Вслепую - Клаудио Магрис
Шрифт:
Интервал:
Закладка:
Единственное, что она мне дала, это ту улыбку. Действительно, в Кристиансборге она была со мной строга, почти никогда не брала меня на руки, не обнимала, как часто делала это с Урбаном. Но всё это было для того, чтобы закалить меня, воспитать во мне твёрдый дух и готовность бороться с жизненными невзгодами. Урбан постоянно сидел дома, ему не было нужды становиться толстокожим, ему незачем было думать о том, что когда-либо придётся выносить арктический холод, экваториальную жару, артиллерийские выстрелы, гром пушек, он вовсе не нуждался в умении терпеть боль от ударов хлыстом. А я уже в четырнадцать лет был юнгой на борту английского углевоза «Джейн». И слава Богу, что я не был маменькиным сынком и обошёлся без слезливых поцелуев на прощание.
Как видите, мы с Вами находимся в таком месте, где вспоминается лучше всего. Иногда я почитываю некоторые свои документы и припоминаю ещё лучше — так делают многие, особенно страдающие приступами амнезии старики. Дневник или письмо тех лет помогают вытащить из замусоренного колодца памяти целые годы. Проще говоря, я вспоминаю, а Вы вправе этим воспользоваться, разрешаю. Подобное открытие может принести Вам славу. Я такой человек, мне не жалко: сделайте из этого революционное научное открытие, и Вам все лавры. Мне совершенно не интересно, кто революции творит, мне важен сам факт её свершения.
Итак, статья в научном журнале, который я прочёл, пока ждал очереди на магнитный резонанс, в корне неправда. Подождите-ка, я выписал несколько строк, вот что выдал тот профессор, когда активно обсуждался вопрос о клонировании овечки Долли: «В памяти ДНК не остаётся ни следа от пережитого ранее опыта, поэтому клон, другими словами, копия объекта клонирования или восстановленный объект клонирования не может помнить ничего из произошедшего с ним ранее». Наверное, это применимо для Долли, — она глупая овца, что ей вообще вспоминать? Я же сохранил в своей памяти всё. Вполне вероятно, что арктический лёд способствовал лучшему сохранению тех клеток моего мозга, которые отвечают за консервацию информации о кошмарах и суматохе бытия.
Поэтому я помню всё, подробнейшим образом.

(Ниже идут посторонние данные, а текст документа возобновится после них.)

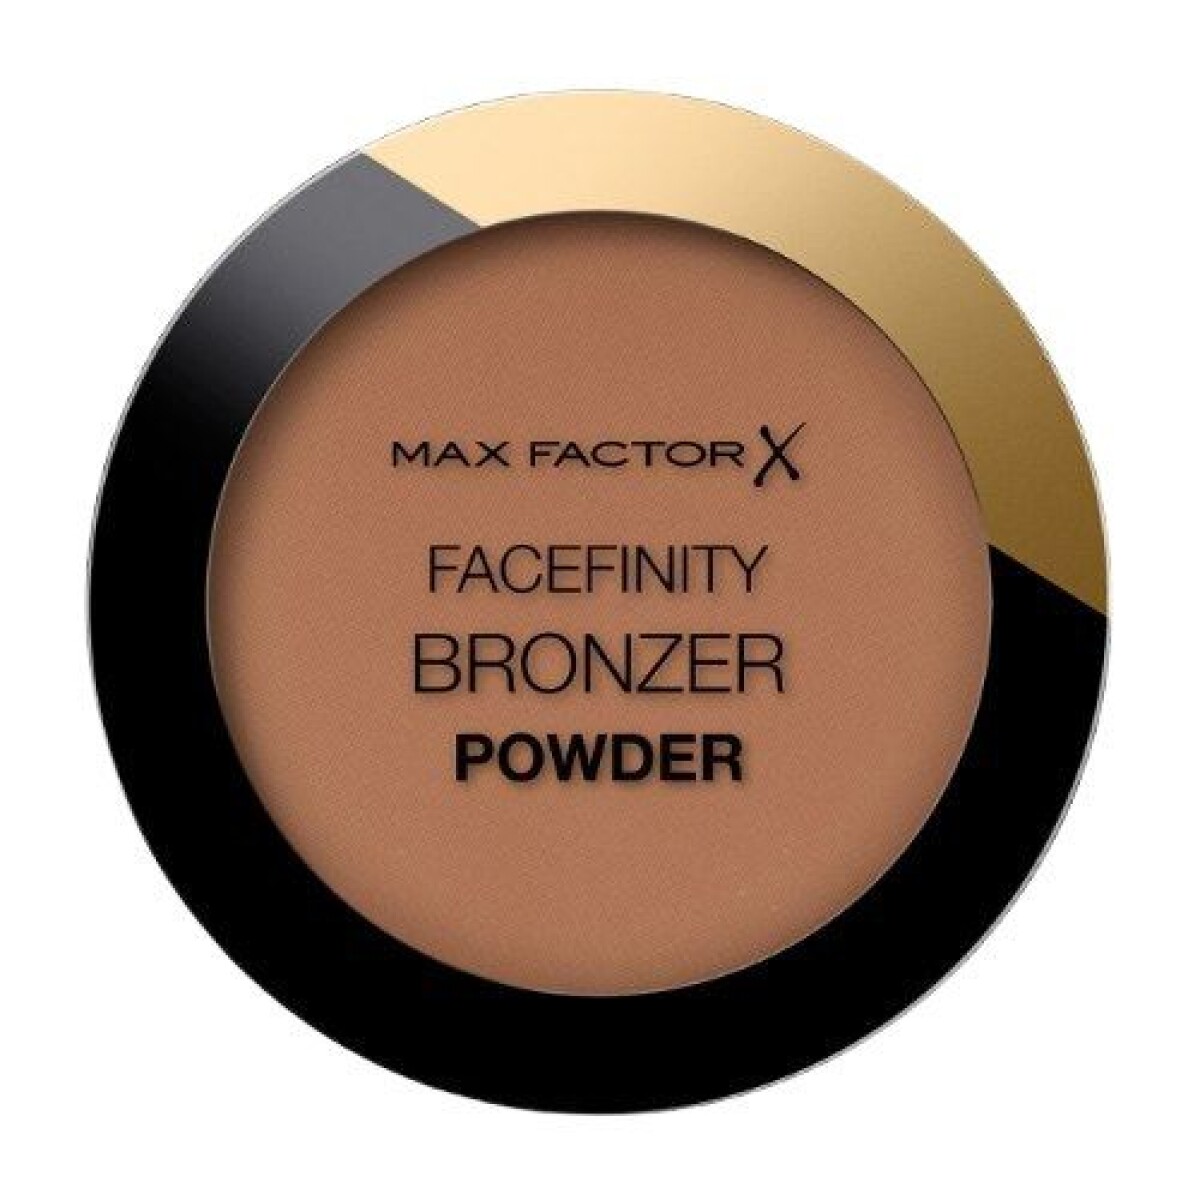 Max Factor Facefinity Bronzer Powder 01 Light Bronze

Судно, возвращающееся из Михолашики, зубаны, морские угри и ёрши, мой сияющий счастьем отец, его рассказы о моей матери в Хобарте. Он говорил, что она часто входила в море, держа меня на руках, вода была холодная, но не для неё и не для меня. Она, смеясь, говорила что-то моему отцу и улыбалась ему своей белоснежной, как морская пена и слоновая кость, улыбкой. Отец добавлял, что у Михолашики вода холоднее, чем у других частей острова, — должно быть, это связано с пресными течениями, просачивающимися из-под скал озера Врана. Интересно, понравилось ли бы ей это море… Но воспоминания размыты и нечётки…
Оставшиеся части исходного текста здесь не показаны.